Are you asking for belt level, or as a general point


----------



## Kirk (May 22, 2002)

What is the "Kenpo Tool" ??


----------



## AvPKenpo (May 22, 2002)

Kirk, 

I believe he is referring to Zones of Protection as a "Kenpo Tool",  becuase it is a unique principal to Kenpo (although I would imagine there are other arts that use it, not sure of which ones though).

Michael


----------



## Nightingale (May 22, 2002)

we're told that our blocks, checks and strikes make up an "imaginary wall of protection."  my instructor says this to get the white belts to not keep their guard too close to their body.  not sure if that's what you mean, but if so, we are introduced to the concept as white belts, and once we get the blocks and guard in the right places, it is usually not mentioned again because it becomes ingrained in what we do so much that we don't think about it.


----------



## Goldendragon7 (May 22, 2002)

> _Originally posted by OZman _
> *Are you asking for belt level, or as a general point *



Just as to if they use this tool, and if they do how do they introduce it into their normal teaching.  What examples are used depth of the tool etc.

:asian:


----------



## Goldendragon7 (May 22, 2002)

> _Originally posted by Kirk _
> *What is the "Kenpo Tool" ??
> *



A "Kenpo Tool" is a term I coined which referrers to one of the many Key Elements (tools) to our System.  

A few Examples....

Analytical Study of Motion
3 Divisions of the Art
Principles
Zones
8 Considerations
Web of Knowledge
Universal Pattern
3 points of view
Outer Rim
others.......

:asian:


----------



## Kirk (May 22, 2002)

I'm an orange belt, and I haven't heard of the term "Zone of
Protection" yet.  We *cancel* height, width, and depth
zones, though.  Does this relate?

Also, we have a *Zone Of Sanctuary* which is when
we step back, to the side at X angle, or step forward at X angle, 
to cancel some, most, or all of the attacker's weapons.  Is
this related to a Zone Of Protection?


----------



## Les (May 22, 2002)

> _Originally posted by Kirk _
> 
> *I'm an orange belt, and I haven't heard of the term "Zone of
> Protection" yet.  We cancel height, width, and depth
> ...



Kirk, you're on the right track with this one.

My understanding is that the "zones of "protection" is basically about not letting your opponent control your height, width & depth.

But then it gets a bit more involved as we delve into Quadrant Zones, Obscure Zones, etc.

This answer, like all of mine is fairly basic, and hopefully someone with more experience/skill will elaborate.
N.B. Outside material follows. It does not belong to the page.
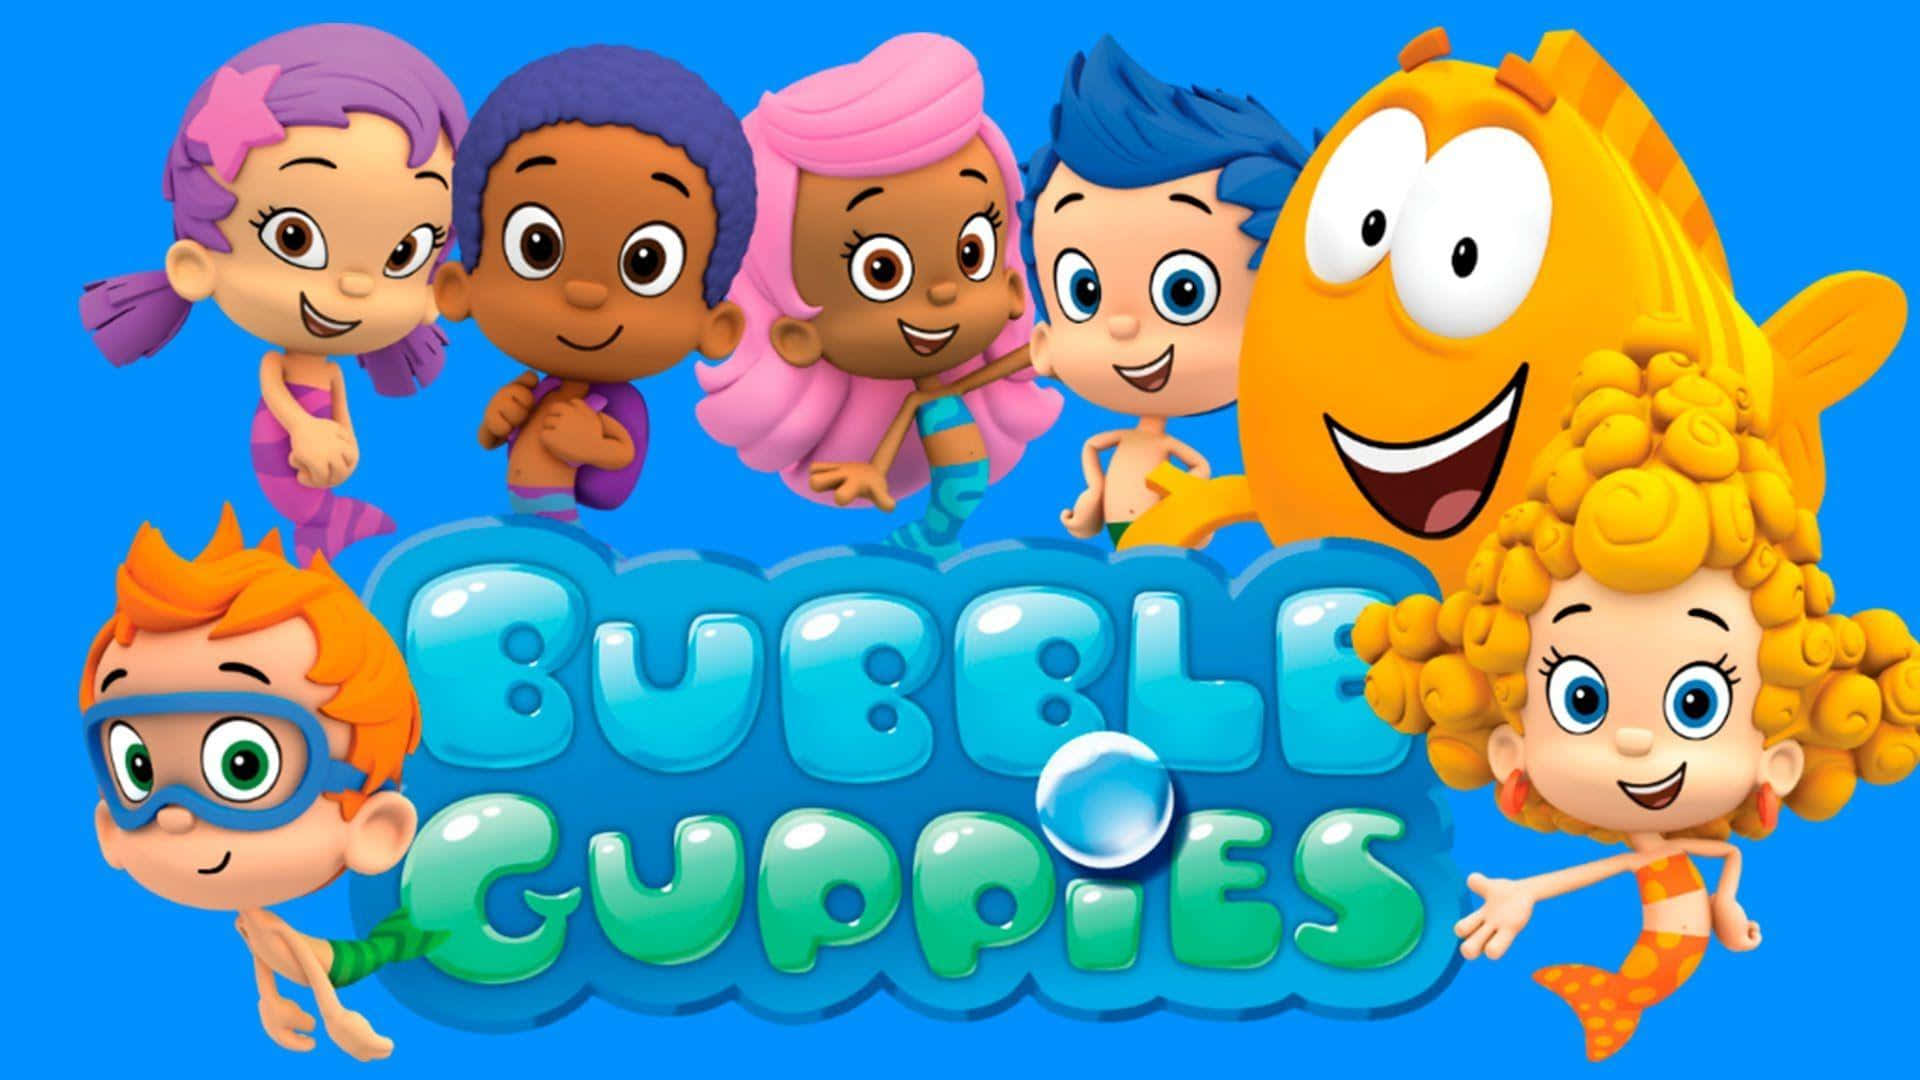 Ildivertente Gruppo Dei Bubble Guppies!

Then we'll both learn more.

I'm only learning

Les


----------



## Goldendragon7 (May 23, 2002)

pages 81  to 83.

:asian:


----------



## Kirk (May 23, 2002)

> _Originally posted by Goldendragon7 _
> 
> *pages 81  to 83.
> 
> :asian: *




DANGIT!  I sooooooo gotta get me those books!


----------



## Goldendragon7 (May 23, 2002)

You don't have them?

tsk tsk tsk  naughty boy!  What are we going to do with you!
:redeme:


----------



## Rainman (May 23, 2002)

> My understanding is that the "zones of "protection" is basically about not letting your opponent control your height, width & depth.



Add obscurity to that and then flip it around so now you are controlling the opponents HWD and taking advantage of their obscure zones.   If you are in control of their zones your zones are protected and they are not able to retaliate.   The better the fighter the smaller the time frame is for cancellation.    Opposites and reverses have many uses.



:asian:


----------



## Goldendragon7 (May 23, 2002)

I think many of them need a basic understanding of the concept in the first place...... I am always amazed at how many do not know of many of these Kenpo Tools.   I guess thats where we come in ...... to help spread the light.....


----------



## Rainman (May 23, 2002)

:idunno: 

Okay but I have to practice too!
 

:asian:


----------



## Goldendragon7 (May 23, 2002)

You know this stuff backwards and forwards.... as well as opposite!
:asian:


----------



## Kirk (May 23, 2002)

> _Originally posted by Goldendragon7 _
> 
> *I guess thats where we come in ...... to help spread the light..... *




Yeah, that's the only reason we keep you around!
:rofl: :rofl: :rofl: :rofl: :rofl:


----------



## Michael Billings (May 23, 2002)

Kenpo definitly has the "tools" to help us talk about our System, and convey it to others, but in this case the "zones" have been around other Arts also.  Whether they were borrowed from Kenpo (a rather egocentric statement on my part) or whether Mr. Parker saw a piece of them elsewhere and then flushed them out by analysis, and restructuring into a more sophisticated tool, I don't know.

Wing Chung, in all it's myriad of spellings, has always had the centerline and 4 gates.  JKD uses this still in their training.  I have not heard anything close to outer rim.  Everyone knows the JKD / Kenpo relationship was close due to Mr. Parker and Bruce Lee's relationship, along with Dan Inosanto and Mr. Parker.  What starts where, I will never know.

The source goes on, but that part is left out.